Now, let us be straight here; investments aren't this site's expertise. We write about ‘the best way to buy investments', but not about ‘what to invest in'.

One option is to seek an Independent Financial Advisor's help, though this will cost (c. £75 - £250 per hour), so you need to be sure it's worth it. We've a guide to finding IFAs, picking the right one and what you may need help for (read Financial Advice guide).

Do remember though, IFAs are only guessing too; by the nature of investment they can and do get it wrong. This is an attempt to predict the future so there's no guarantee their guess will be any better than your own. No one knows the ‘right answer'.

If you can, examine the investment options yourself, making sure the charges aren't too high. Different funds have different levels of risks associated with them. After all, putting your cash in a fund tracking a wide range of large UK companies, is likely to be less risky (meaning not as high possible growth, not as high possible loss) than one specialising in Indian small technology companies.

Can I switch between savings & investment CTFs?

You can transfer your account both to another provider, and to another investment type, e.g. you can move from savings to stakeholder at any time.
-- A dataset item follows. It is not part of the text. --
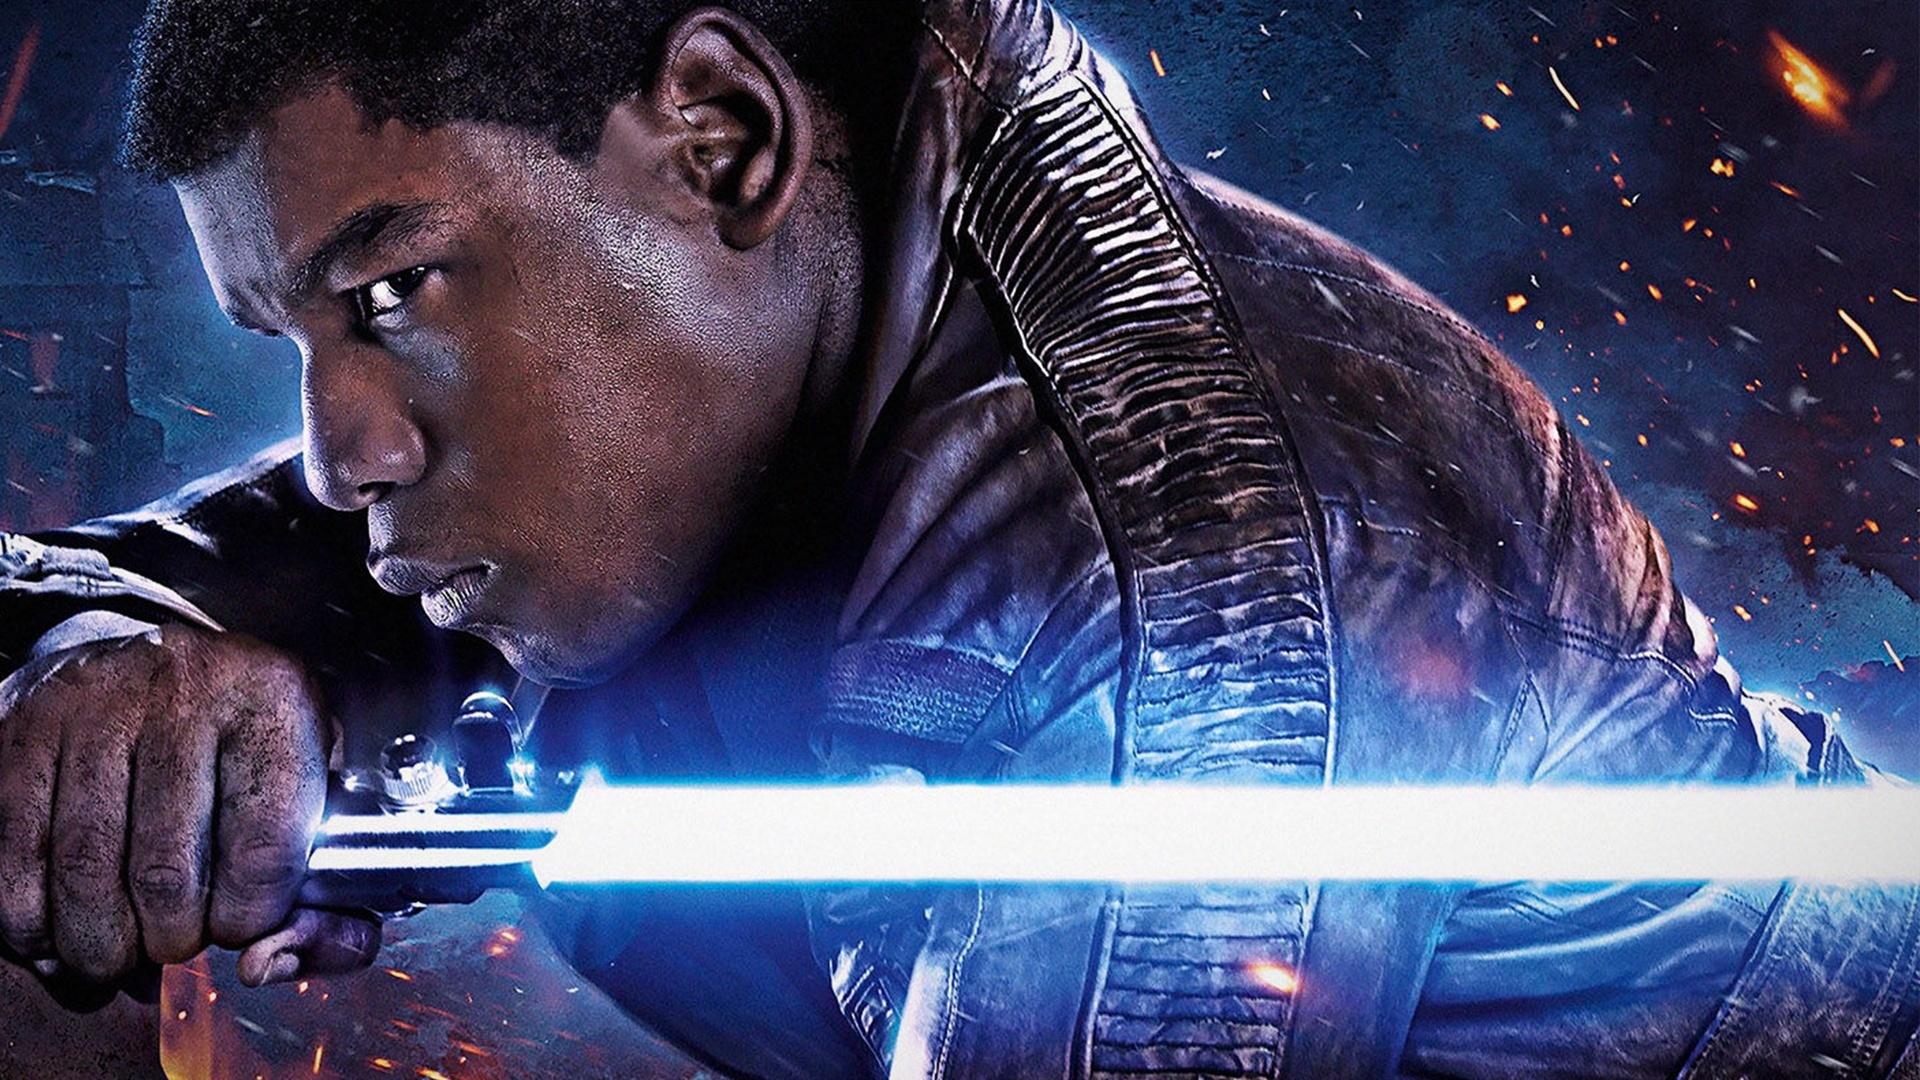 Star Wars 7 - Was ihr wissen müsst, bevor ihr ins Kino geht

There will be no transfer penalties for doing so, though shares type providers may charge dealing costs and stamp duty when you close them.

To transfer simply sign up with the new provider; it'll inform the old one for you, and the Government in case it makes any further payments. Ask the new provider to move the money for you and inform the old provider it is being moved. You can't split the CTF if you transfer it though – you must transfer it whole.